Bellesiles’s credibility was enhanced for liberals by the usual pushback and crude membership pile-on from the National Rifle Association, at the time still headed by the obnoxious Charlton Heston, who a few months before the publication of Arming America had riveted the audience at the 129th N.R.A. convention, in Charlotte, North Carolina, bellowing, “For the next six months, Al Gore is going to smear you as the enemy. He will slander you as gun-toting, knuckle-dragging, bloodthirsty maniacs who stand in the way of a safer America. Will you remain silent? I will not remain silent. If we are going to stop this, then it is vital to every law-abiding gun owner in America to register to vote and show up at the polls on Election Day.” Heston then raised a handmade colonial flintlock long rifle and intoned: “So, as we set out this year to defeat the divisive forces that would take freedom away, I want to say those fighting words for everyone within the sound of my voice to hear and to heed, and especially for you, Mr. Gore: ‘From my cold, dead hands.’”12
In addition to the N.R.A.’s disapproval, there were a few negative reviews of the Bellesiles book by conservative and libertarian magazines such as National Review and Reason. Yet, within a few months after publication, multiple errors had been identified and discussed online. Meanwhile, in the spring of 2001, the prestigious Bancroft Prize for history went to Arming America. It would be a year after the book’s publication—in the fall of 2001—that critiques appeared in print in the prestigious peer-reviewed William and Mary Quarterly, as well as in law reviews.
A year after questions arose about the book and grew into massive evidence of falsifying sources and misreading others, Northwestern University law professor James Lindgren made an exhaustive study of Bellesiles’s arguments and the sources he used to document them, and concluded: “What made the book such a sensation was his description of guns in the seventeenth, eighteenth, and early nineteenth centuries. He claimed that guns were exceptional rather than common, in poor condition even in private hands, not stored in the home but rather in central armories, too expensive to be owned outright by most men, and restricted by law to the Protestant upper and middle classes. None of this is true.”13 Indeed, the opposite was the case—the colonists were armed to the teeth. “Since the book’s publication, scholars who have checked the book’s claims against its sources have uncovered an almost unprecedented number of discrepancies, errors, and omissions. When these are taken into account, a markedly different picture of colonial America emerges: Household gun ownership in early America was more widespread than today (in a much poorer world).”14
The numerous historians and legal specialists who challenged Bellesiles’s sparse gun counts found that household gun ownership in comparison to other items owned was high: Bellesiles not only miscounted drastically, he also did no comparative analysis. Lindgren cites a reliable 1774 database of 813 itemized male inventories in which 54 percent of the estates listed guns, compared to only 30 percent of estates listing cash, 14 percent listing swords or edge weapons, 25 percent listing Bibles, 62 percent listing a book other than the Bible, and 79 percent listing any clothes. A search of databases came up with similar numbers, with guns being more common than Bibles and as common as books.
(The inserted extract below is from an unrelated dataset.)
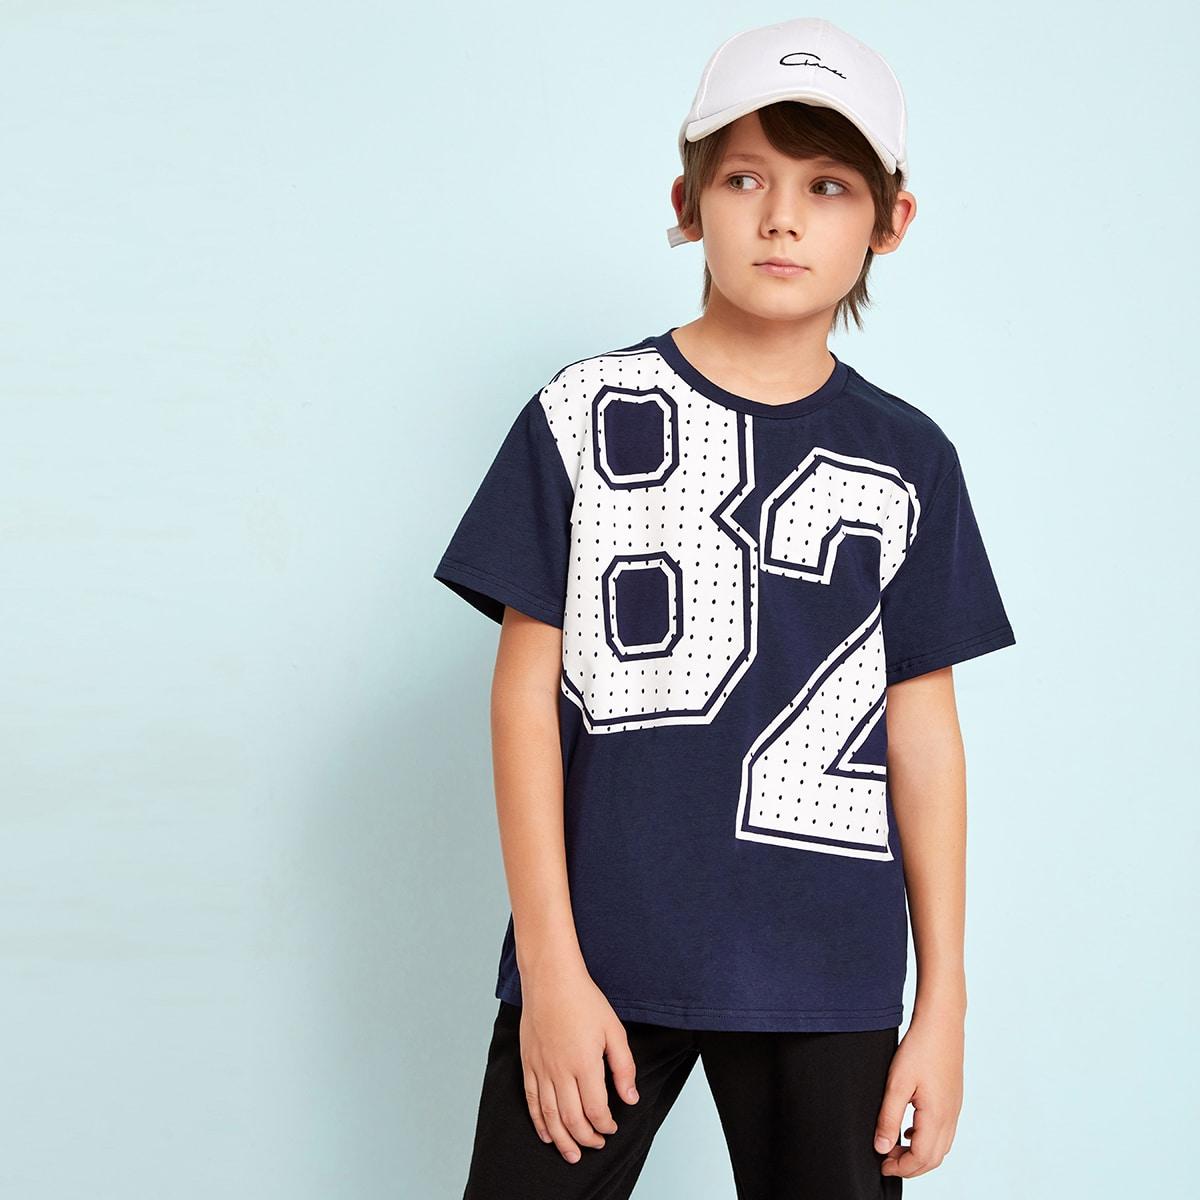 SHEIN / Jungen T-Shirt mit Nummer Muster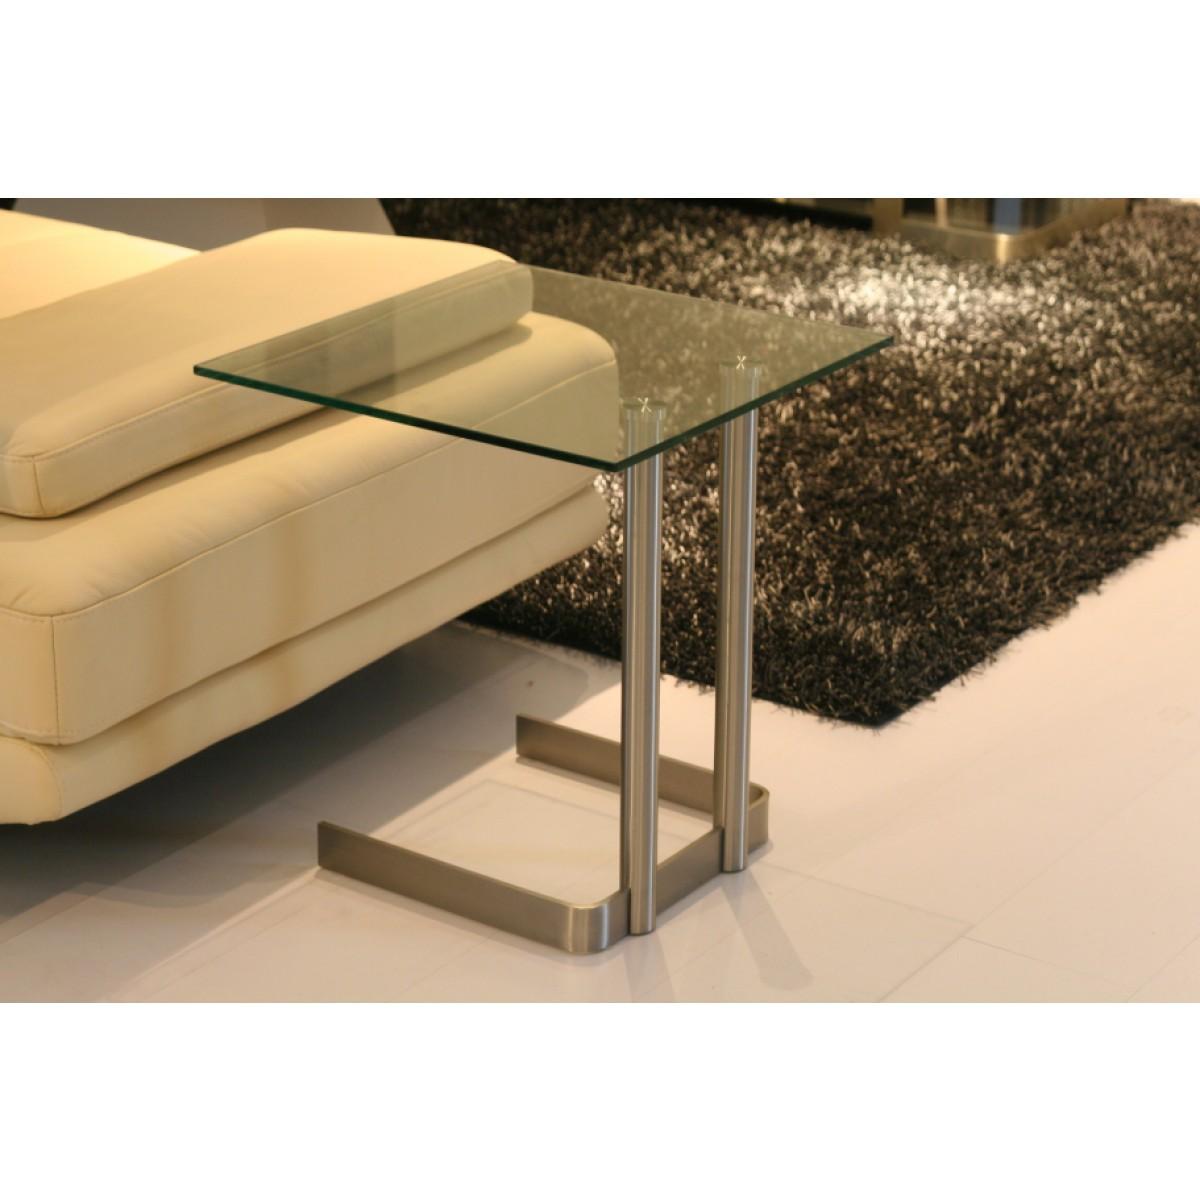 beistelltisch glas edelstahl beistelltisch glasplatte metallgestell beistelltische. Black Bedroom Furniture Sets. Home Design Ideas

Lindgren writes, “Contrary to Arming America’s claims about probate inventories in seventeenth-and eighteenth-century America, there were high numbers of guns, guns were much more common than swords or other edge weapons, women in 1774 owned guns at a rate (18%) higher than Bellesiles claimed men did in 1765−1790 (14.7%), and 83−91% of gun-owning estates listed at least one gun that was not old or broken.” Furthermore, “Bellesiles misclassified over 60% of the inventories he examined. He repeatedly counted women as men, counted guns in about a hundred wills that never existed, and claimed that the inventories evaluated more than half of the guns as old or broken when fewer than 10% were so listed.” Lindgren found that during period 1765−1790, the 14.7 percent average of estates listing guns that Bellesiles reported is mathematically impossible given the regional averages he reported.15
Bellesiles’s assessment of the quality and effectiveness of militias was equally misrepresented in his book. One of many instances provided in military historian Robert Churchill’s review of the book concerns the Connecticut colony’s preparation for war in 1746. Bellesiles wrote that the colony had difficulties in raising troops and finally managed to amass six hundred, but 57 percent were without guns. Churchill looked at the records Bellesiles had cited and found that, on the contrary, of the 454 men mustered, 371 or 81.7 percent had guns, and two of the five units reporting were fully armed, with only one of the five at 57 percent armed. Of the five units reporting their arms, two were 100 percent armed and the worst armed of the other three was 57 percent armed. Professor Lindgren writes about this finding:
It is hard to know exactly what Bellesiles did, but he may just have seized on the number of the worst-armed unit and reported that number for all units, but only after flipping it to 57% unarmed. By misleadingly counting the worst-armed unit as the entire company and flipping the results from armed to unarmed, Bellesiles is able to make a very well-armed Connecticut militia (82% armed) appear to be a mostly unarmed militia (43% armed).16
Lindgren concludes his exhaustive review of the errors in Bellesiles’s account puzzled as to the motives:
The book and the scandal it generated are hard to understand. How could Bellesiles count guns in about a hundred Providence wills that never existed, count guns in San Francisco County inventories that were apparently destroyed in 1906, report national means that are mathematically impossible, change the condition of guns in a way that fits his thesis, misreport the counts of guns in censuses or militia reports, have over a 60% error rate in finding guns in Vermont estates, and have a 100% error rate in finding homicide cases in the Plymouth records he cites? We may never know the truth of why or how Arming America made such basic errors, but make them it did.17
Bellesiles did not elucidate a political agenda in his densely academic book—and it is unacceptable to admit to a political agenda in the field of academic history. Yet, it does appear that the only explanation as to why he would fabricate and misstate sources was in order to support an unprecedented thesis. Had guns not been widely owned or valued by individuals in colonial Anglo-America, then the Second Amendment to the Constitution could not be interpreted as implyi
ng an individual right to bear arms.18
Early on, both the American Historical Association and the Organization of American Historians officially defended Bellesiles’s scholarship and objected to the right-wing attacks, and those of gun advocates, on his book. And even after the publication of Lindgren’s compilation of errors in the book, some historians continued to promote and affirm its thesis while admitting that some errors had been made.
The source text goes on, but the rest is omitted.